Exactly what I said.
 
How are they "killing" INbox?
 
._.
 
Wtf Google.
I love inbox.
 
9:47 PM
^
 
How does one start a "user outcry"
 
LOL
 
user image
8
 
10:15 PM
@Οurous This is really awful. Inbox is like 70% of my daily phone usage. Argh...
 
@mınxomaτ Well, supposedly all the features have made their way into gmail, so it shouldn't be that bad
 
Haha, good one. Inbox is about the whole UI concept of Inbox. Bundling, pinning, no unread count to stress you. Gmail is never going to get these features, because it works differently at a basic level.
I think their motivation is pretty simple: Inbox = no ads, Gmail = ads.
 
TIL Gmail has ads
And I've been using it for years
 
^ this
 
10:37 PM
I will cherish the day Google asked me to try Inbox by Gmail. It is now a memory of a bygone era
 
@Zacharý goat damn it
 
10:56 PM
That was a serious question.
 
11:13 PM
great thanks for looking over that question yesterday @Οurous @user202729
 
@AshwinGupta no problem
@AshwinGupta I want to add though, that passing the arguments in the reverse order with the same names that they have in main is a bit confusing, and may lead to silly mistakes that aren't a result of being incompetent, but just visually missing the name swap. Something that wouldn't happen in reality because nobody should call their variables that.

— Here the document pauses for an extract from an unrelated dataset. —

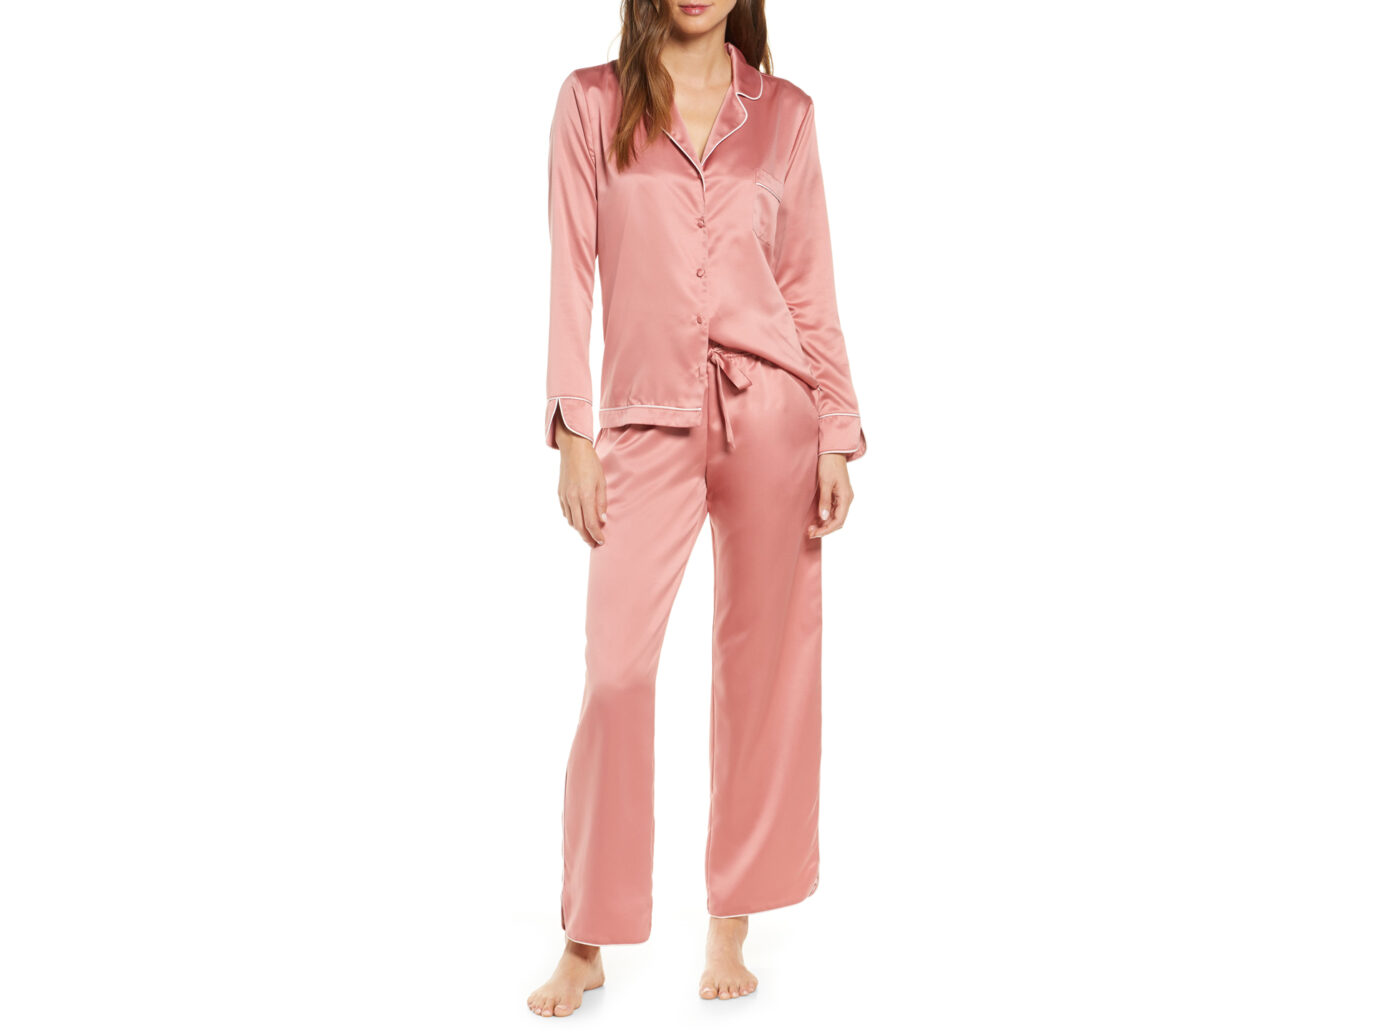 Rachel Parcell Satin Pajamas

Maybe use one two three? And keep the swap? That'll make them pay attention but still be clear.
 
11:44 PM
@Οurous you're totally right, but it was done intentionally. The context is I am interviewing students for a very competetive STEM club at my high school and those who claimed to know C on their application are being tested. As long as the applicants get a 2/3 we are fine. If they switch o1 and o2 values, we will only take off 1 point (not two even though both are technically wrong).
Essentially 2/3 is good enough, but we just want to see who is really paying attention and gets a 3/3 also.